Abstract
Background: Recently, we identified a novel mutation of SCN5A (1795insD) in a large family with LQTS3. The aim of this study was to assess whether the various proposed corrections of the QT interval to heart rate help to improve the identification of carriers of the mutant gene.
Methods: The study group consisted of 101 adult family members: 57 carriers and 44 noncarriers (mean age 44.6 ± 14.6 and 40.3 ± 12.8 years, respectively). In all individuals a 12‐lead ECG, exercise ECG, and 24‐hour Holter ECG were obtained.
Results: Correction for heart rate significantly improved the diagnostic performance of the QT interval. Diagnostic performance of the Bazett formula was similar to that of the newer formulas (Fridericia, Hodges, Framingham, and a logarithmic formula). At a cut‐off value of 440 ms, the Bazett corrected QT interval was associated with a sensitivity and specificity of 90% and 91%, respectively. Using the 24‐hour Holter ECG, a prolonged QTc at heart rates less than 60 beats/min was almost pathognomonic for genetic mutation (sensitivity and specificity both 99%), whereas the QTc calculated at the lowest heart rate using Bazett's formula provided full discrimination.
Conclusion: In the present family, the resting ECG gave a good indication about the presence or absence of genetic mutation but a 24‐hour Holter recording was mandatory to ascertain the diagnosis. In the diagnosis of this form of LQTS3, Bazett's formula was at least as good as other proposed corrections of the QT interval to heart rate.
Keywords: long‐QT syndrome, QT interval, heart rate, Bazett's formula
QT prolongation has been recognized as a marker of increased risk for cardiac arrhythmias and sudden cardiac death. Already more than 35 years ago, the long‐QT syndrome (LQTS) was found to be a cause for sudden death in subjects with otherwise normal hearts. 1 , 2 More recently, several genetic variants of LQTS have been identified. We described a large family characterized by premature nocturnal sudden death due to a mutation (1795insD) in the cardiac Na+‐channel gene (SCN5A). 3 , 4 , 5 , 6 Carriers of this genetic mutation exhibit features of both LQTS3 and Brugada syndrome. An important feature is the presence of excessive bradycardia‐dependent QT interval prolongation in conjunction with mild sinus bradycardia.

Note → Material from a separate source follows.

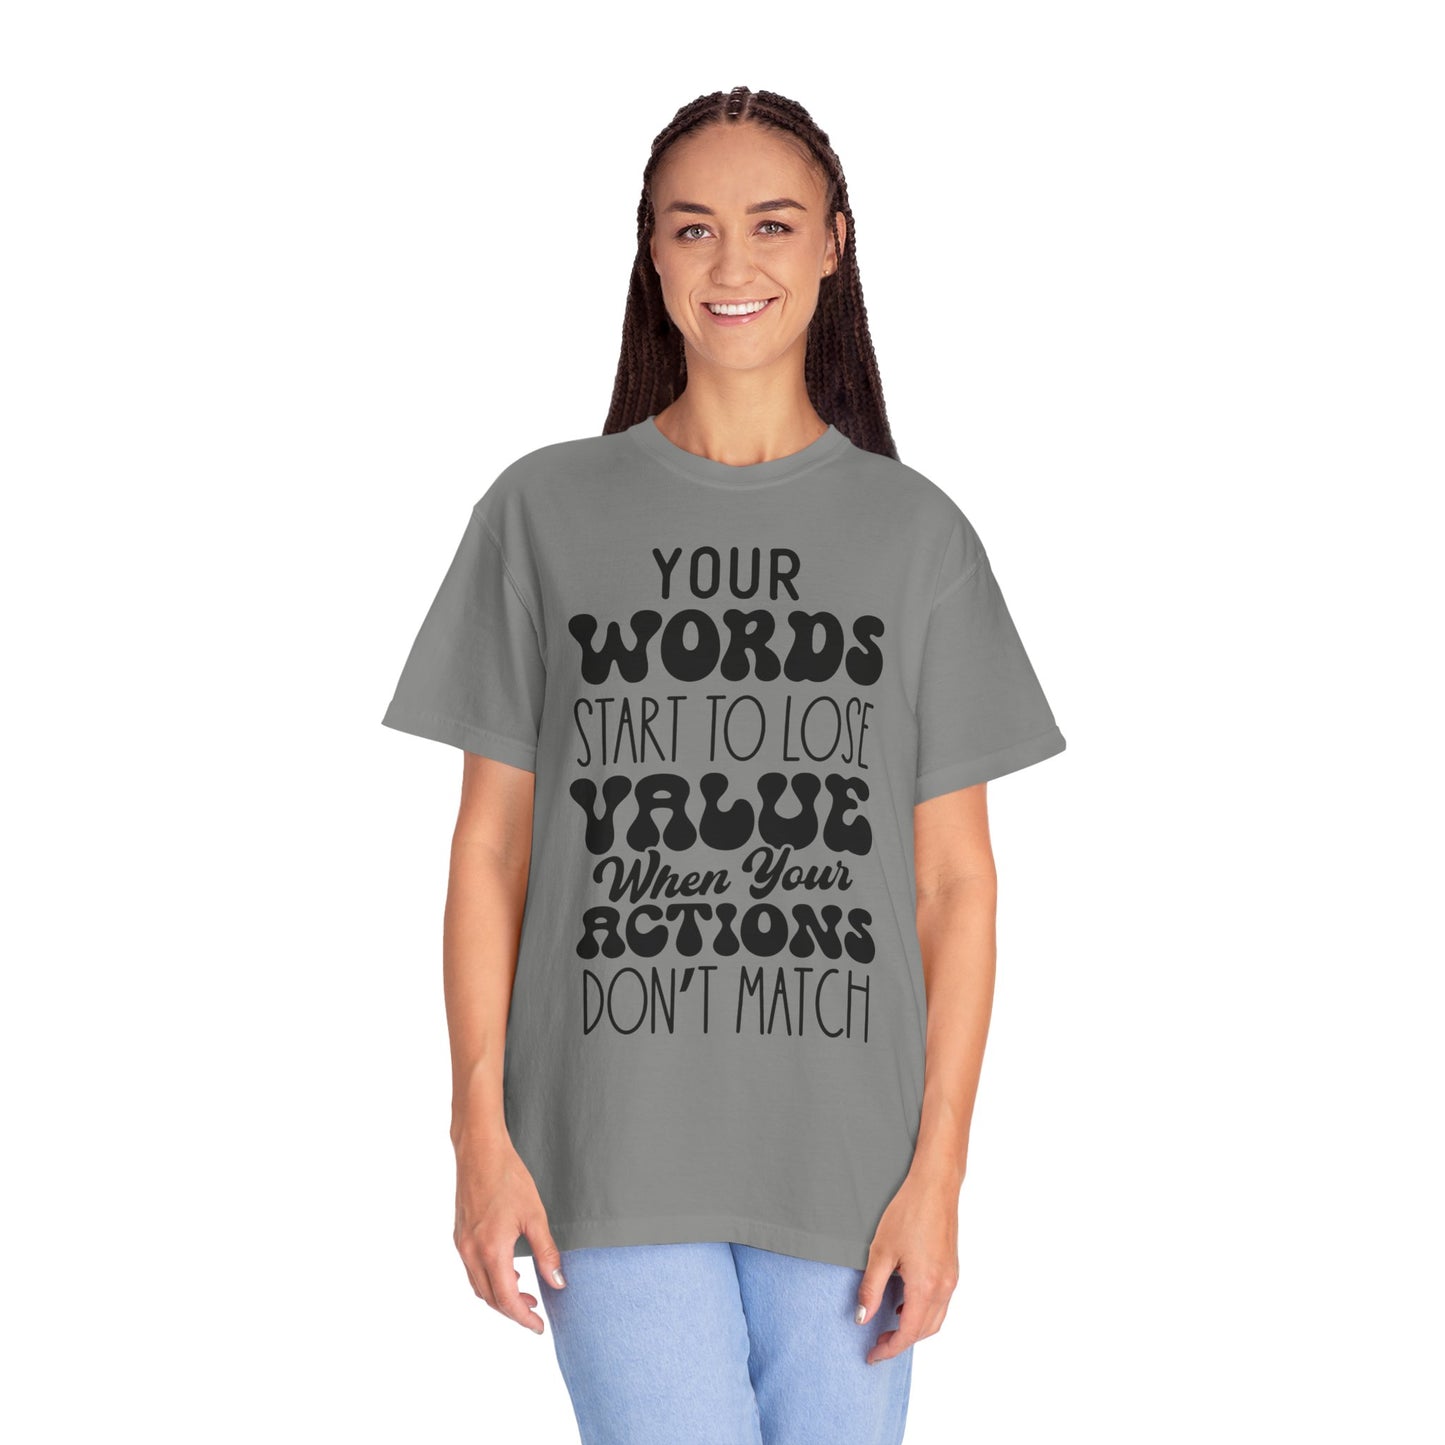 Your word starts to lose value - Unisex Garment-Dyed T-shirt

Although prolongation of the QT interval is obviously an essential characteristic of LQTS, identification of affected individuals may sometimes be difficult. In order to evaluate the QT interval under different conditions at varying heart rates, Bazett proposed in 1920 a correction formula in which the observed QT interval is divided by the square root of the RR interval. 7 However, Bazett's formula is said to lead to some overcorrection at higher heart rates and undercorrection at lower heart rates. Therefore, several other formulas have been presented, all aiming to better describe the QT‐heart rate (or RR interval) relationship. 8 , 9 , 10 , 11 , 12 , 13 , 14 , 15 Nevertheless, Bazett's formula still is most often used for correction of the QT interval and, indeed, the existence of an “optimal” formula and even the necessity of any correction for heart rate have been questioned. 16 , 17
The aim of this study was to assess whether the various proposed corrections of the QT interval to heart rate help to improve identification of carriers of the mutant gene in the above‐mentioned family.
METHODS
The family came to our attention in 1958 when a 16‐year‐old boy was referred because of marked QT prolongation and biphasic T waves on an electrocardiogram (ECG). In view of a high familial incidence of unexpected nocturnal sudden death, clinical data were collected in subsequent years in as many family members as possible. Standard 12‐lead resting ECGs, 24‐hour ambulatory Holter ECG recordings, and exercise ECGs were obtained as part of routine investigations. At the time of the investigation, none of the subjects was using any cardioactive medication. Further details on the pedigree, clinical characteristics, electrophysiologic and genetic studies, follow‐up, and treatment have been given in earlier reports. 3 , 4 , 5 , 6 In this study, analysis was limited to adult individuals with definite genetic status, based either on DNA analysis 4 or pedigree analysis (obligate carriers).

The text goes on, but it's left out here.